Available CPU architecture on KSL systems#
This page provides a gentle introduction to the modern CPU architecture optimized for HPC workloads. The CPUs are grouped by the KSL systems they are available on, and in which partitions.
CPUs on Shaheen III#
AMD Genoa#
CPUs on Ibex#
Intel Skylake#
These are the oldest generation of Intel CPUs in the Ibex cluster. The nodes have two Intel Skylake processors, one in each socket, represented as Package in the Illustration of an Intel Skylake compute node of Ibex cluster. Each processes has 20 physical cores, i.e. 40 cores in total on the node. The total memory available for use is approximately 350GB and has 6 memory channels per socket.
This node has two Non Uniform Memory Access (NUMA) nodes. This implies that core 0 can access data resident on a memory device/DIMM closed to Package L#1, but will have a latency hit. Deep dive to understand more about NUMA architecture and its implications on applications running on such node.
The L3 or Last Level Cache is coherent across all the nodes which implies that if a core changes a memory location in L3, it will be visible to all cores. This does not apply to L1 and L2 caches which are local to each core. More discussion here on Memory hierarchy on CPUs.
The motherboard on this node have PCIe version 3.0 which has a maximum overall throughput of 32GB/s.
From a performance point of view, this node is capable of achieving, ### GFLOPS of High Performance Linpack (HPL) and a peak memory bandwidth of ### GB/s measured using STREAM Triad benchmark.
These processors can run programs compiled for x86_64 instruction set.
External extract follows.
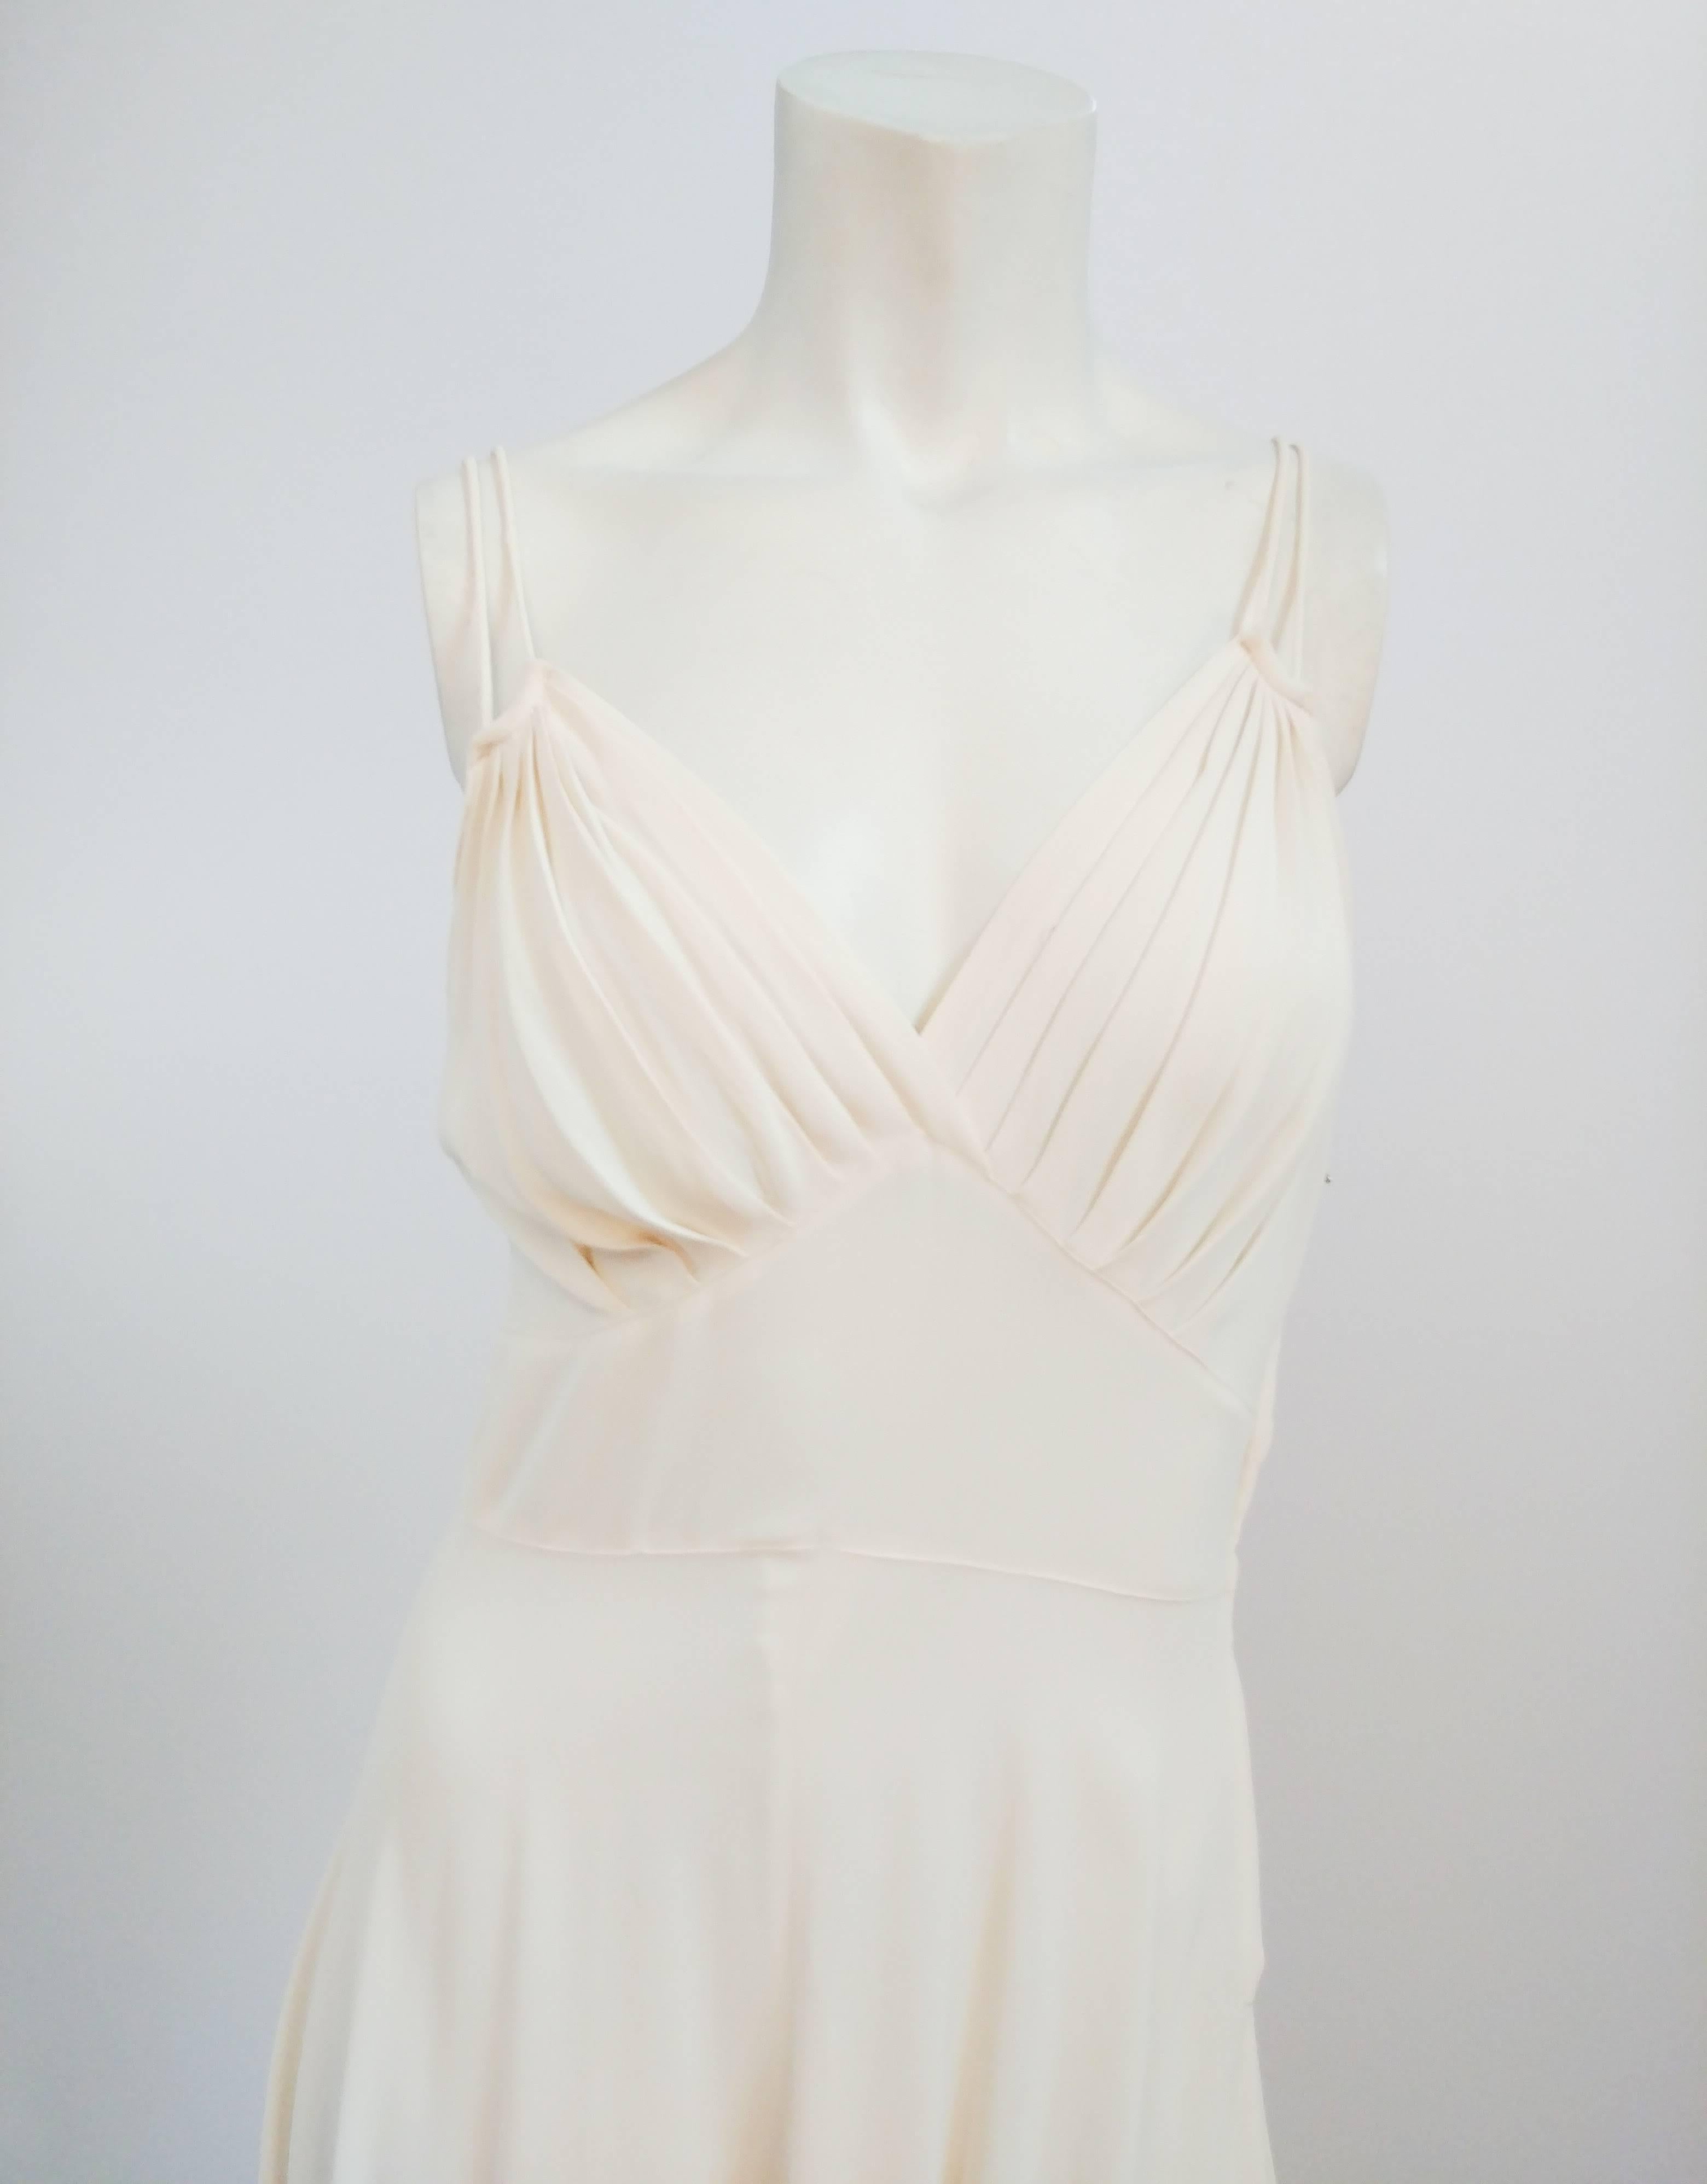 1930s Off-White crepe Double spaghetti Strap Dress. Gathered under the bust cups with inverted basque waist. Gathered at the waist line with a metal size zipper closure. The silhouette of this dress reflects the glamour of 1930s Hollywood.

Intel Skylake processor supports Advance Vector Extension – AXV2 instructions for vectorization. Some scientific applications can benefit from this feature and can see significant performance gains. Please refer to Understanding SIMD Vectorization for more information about this topic.
Intel Cascade Lake#
Ibex cluster has 106 compute nodes of with Intel Cascade Lake processors. These are the more modern generation compared to Skylake CPUs. Each node of this type has two Intel Cascade Lake processors, one in each socket, represented as Package in the Illustration of an Intel Cascade Lake compute node of Ibex cluster. Each processes has 20 physical cores, i.e. 40 cores in total on the node. The total memory available for use is approximately 350GB/s and has 6 memory channels per socket.
As in the case of Skylake these nodes have 2 NUMA nodes. Here too, the L3 cache is coherent among all cores.
The motherboard on this node have PCIe version 3.0 which has a maximum overall throughput of 32GB/s.
There nodes are capable of achieving ### GFLOPS of High Performance Linpack (HPL) and a peak memory bandwidth of ### GB/s measured using STREAM Triad benchmark.
Intel Cascade Lake supports AVX2 and some AVX512 instruction sets. Additionally, Cascade Lake processors introduced a specialized instruction set called Vectorized Neural Network Instructions (VNNI) which accelerates neural network inference on CPUs. Developers can leverage these features by relying on using Intel MKL-DNN, Intel optimized PyTorch or Tensorflow installations.
AMD Rome#
Ibex cluster has 108 nodes with dual socket AMD Rome processors. The microarchitecture of AMD Rome is different than the Intel processors mentioned above. This has performance implications which the users might want to consider when choosing to run applications on these processors.
AMD Rome processor is composed of a compute unit called Core CompleX (CCX). A single CCX is composed of 4 cores. 2 CCX units create a building block called a Core Complex Die (CCD). This CCD block (i.e. 8 cores) has its own L1 to L3 cache hierarchy. Each CCD has a 32MB large L3 cache. 8 CCDs make up a full processor, with 64 cores and aggregate L3 cache of 256MB.
Additionally, each CCD has a specialized communication unit called Infinity fabric which provides means to access memory. There are a total of 8 memory channels (1 per CCD). For superior memory access performance, these nodes on Ibex have been booted with 8 NUMA nodes (4 NUMA per processor).
The AMD Rome compute nodes have a total of 128 cores, as it is dual socket (2 x processors) and 475GB of usable memory. The motherboard on this node have PCIe version 4.0 which has a maximum overall throughput of 64GB/s.